Last i will say about this topic of h.264 vs h.265...
Having a old Dell Latitude laptop, with a 4th gen 2 core cpu, Intel HD Graphics, that is left over unit, from my local city Governments Center upgrade, who donated their old computers to the repair shop i worked at, it IS playing 4K h.265 video, smooth as butter (using VLC of cource) on its 1336x768 lcd.
Edit: Plays smooth in default WMP, after install HEVC plugins from Win Store.
This is the kinda old hardware that many courtrooms use today still.
A much older thing to test on, Also, from same donation, but had been de-commissioned years ago, a Late 2011 Macbook Pro, 15in running i7-2675 with AMD dedicated GPU, MacOS High Sierra.
Native Quicktime player, can NOT even play 1440p 30pfs h.264, forget h265 or 4K.
Using VLC, it can play 1440p h.264 & h.265 30fps smooth, no dropped frames.
Can not play h.264 or h.265 1440p 60fps, or 4K 30fps.
The only real "issue" that i will only slightly concede to, clean install, non-oem (Retail) Windows10/11 does not support native playback of h.265 in default Windows Media Player app unless u download and install/pay for the hevc plugins via the Windows store, which it pops up directing you to.

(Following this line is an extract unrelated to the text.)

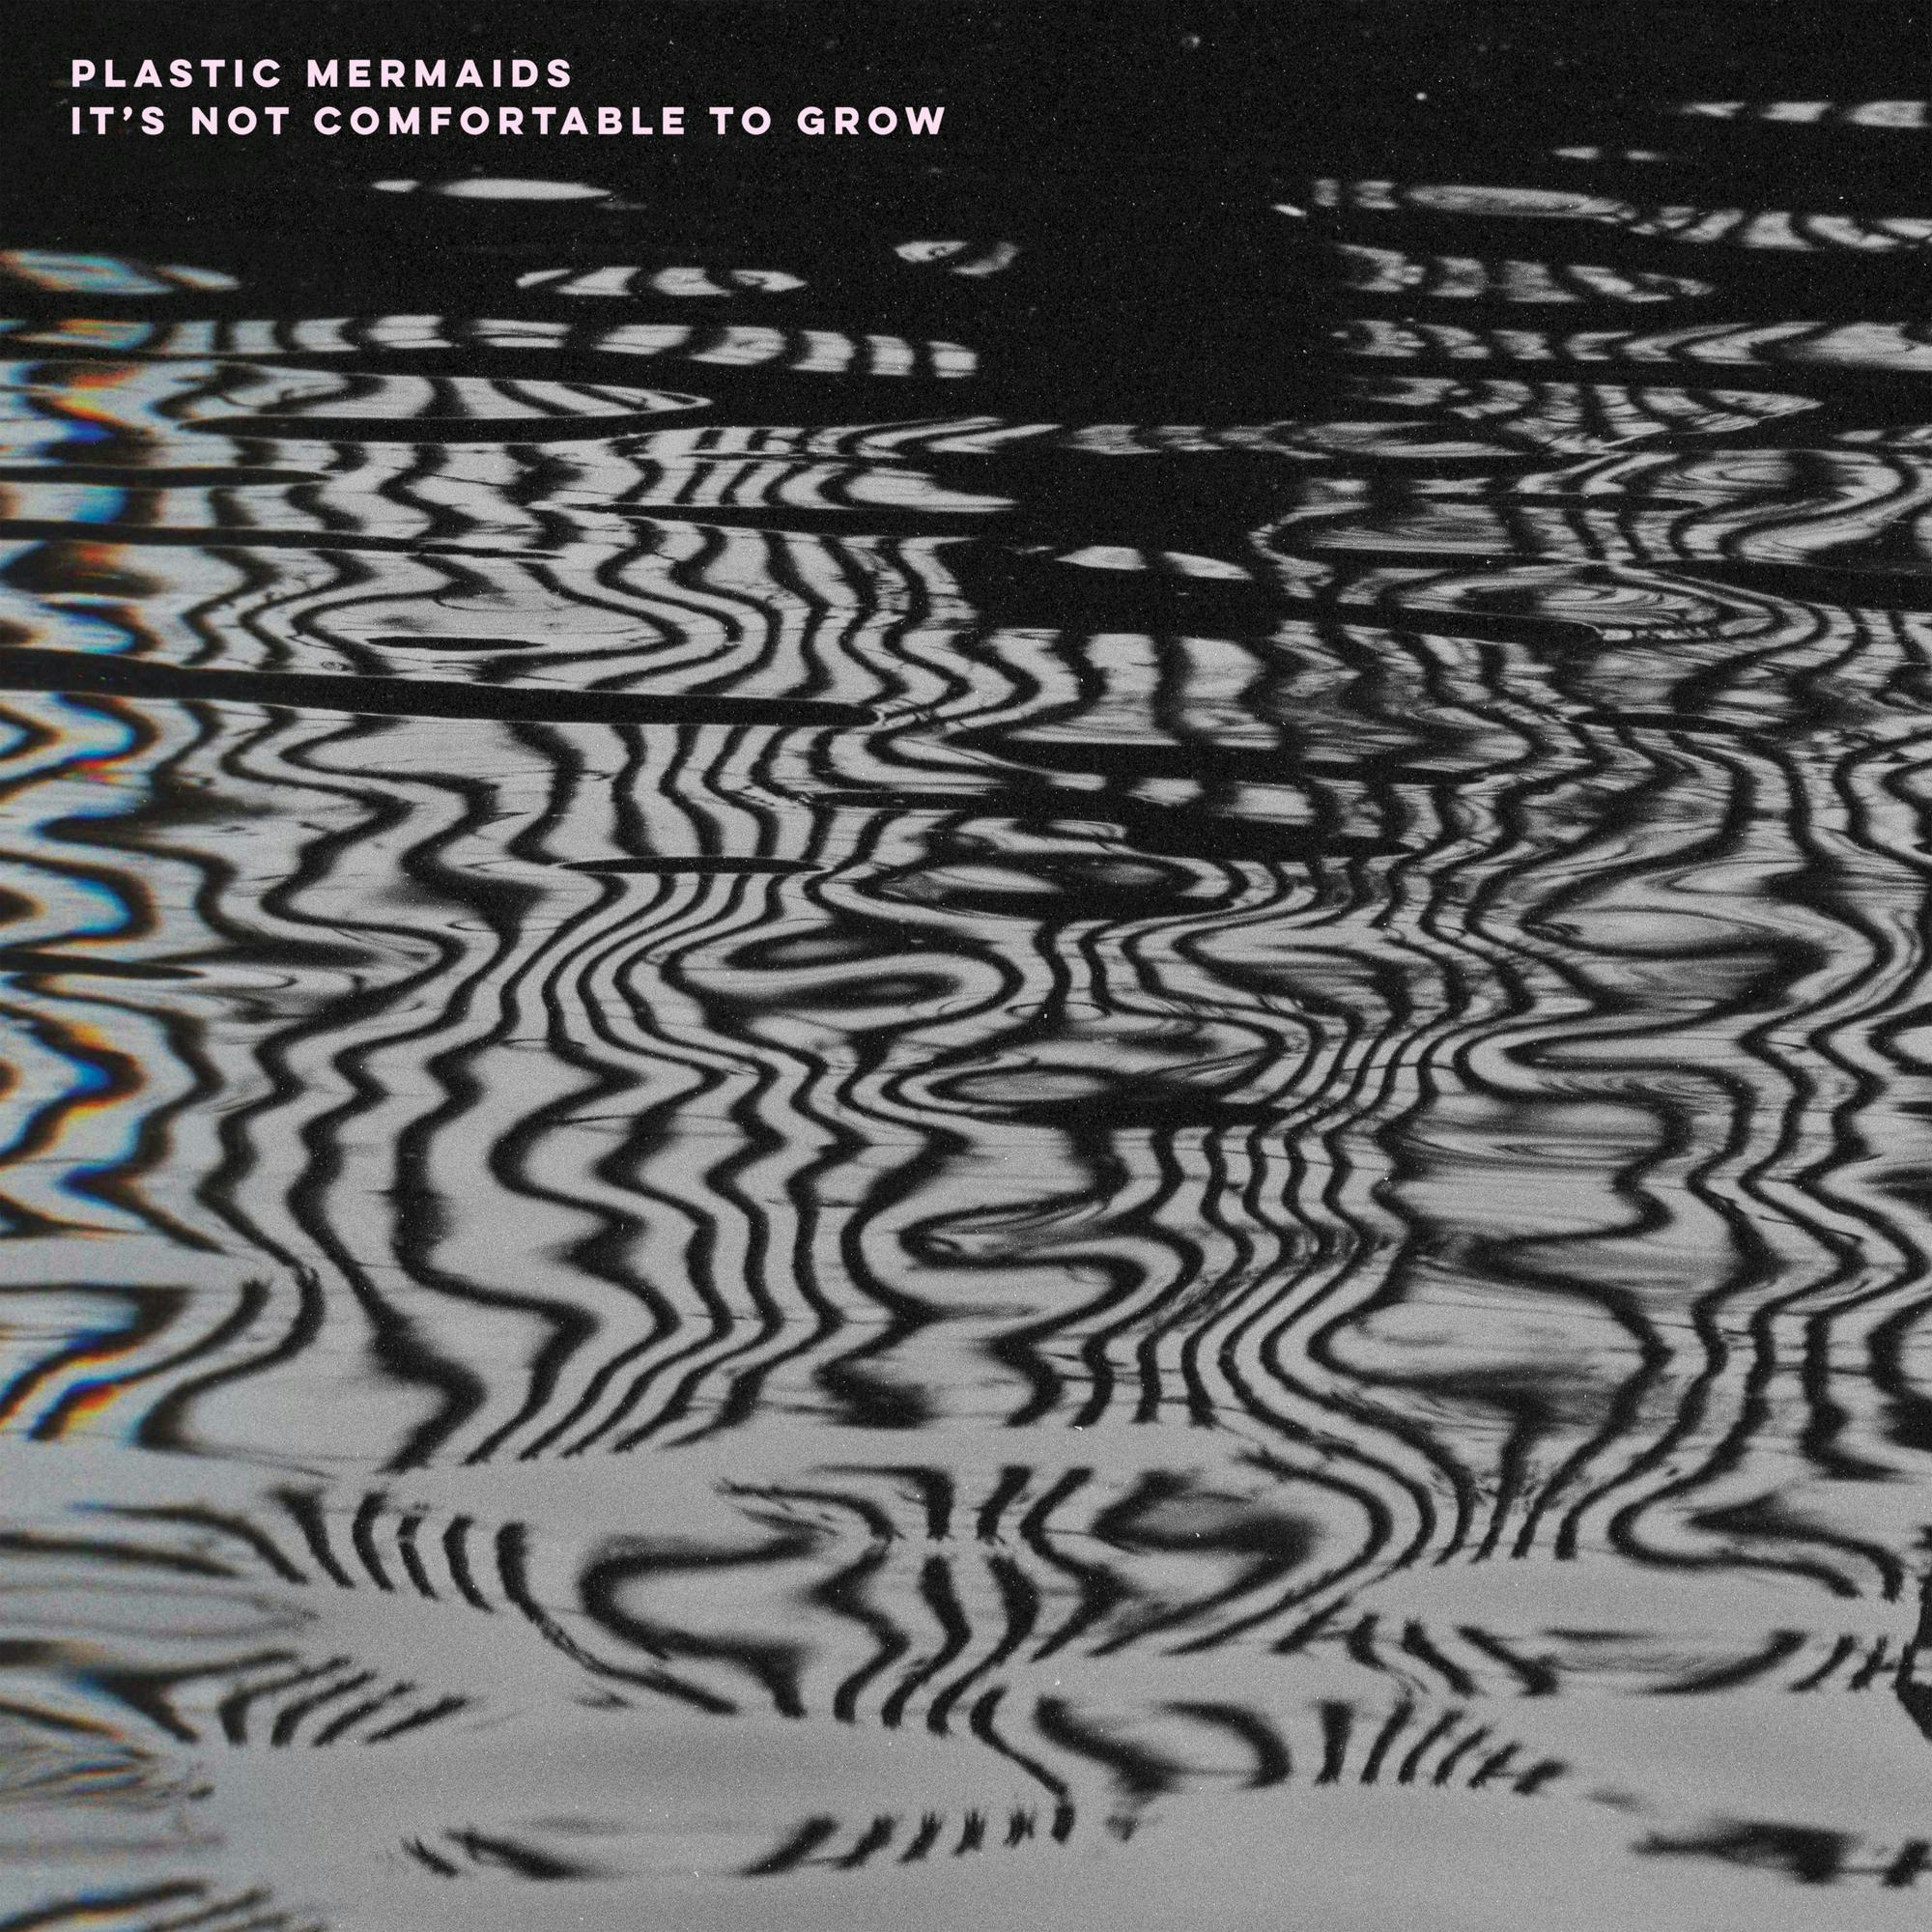 Album artwork for Album artwork for It's Not Comfortable To Grow by Plastic Mermaids by It's Not Comfortable To Grow - Plastic Mermaids

OEM, ie Brands like Dell/.HP etc, include these plugins in their factory system OS image already.
However, It takes less than 30 secs to download and install VLC or any 3rd party player in these cases to achieve playback on non-oem systems.
Point is though, computer hardware supports h.265 playback fine, even 4K, since many years, and many generations ago.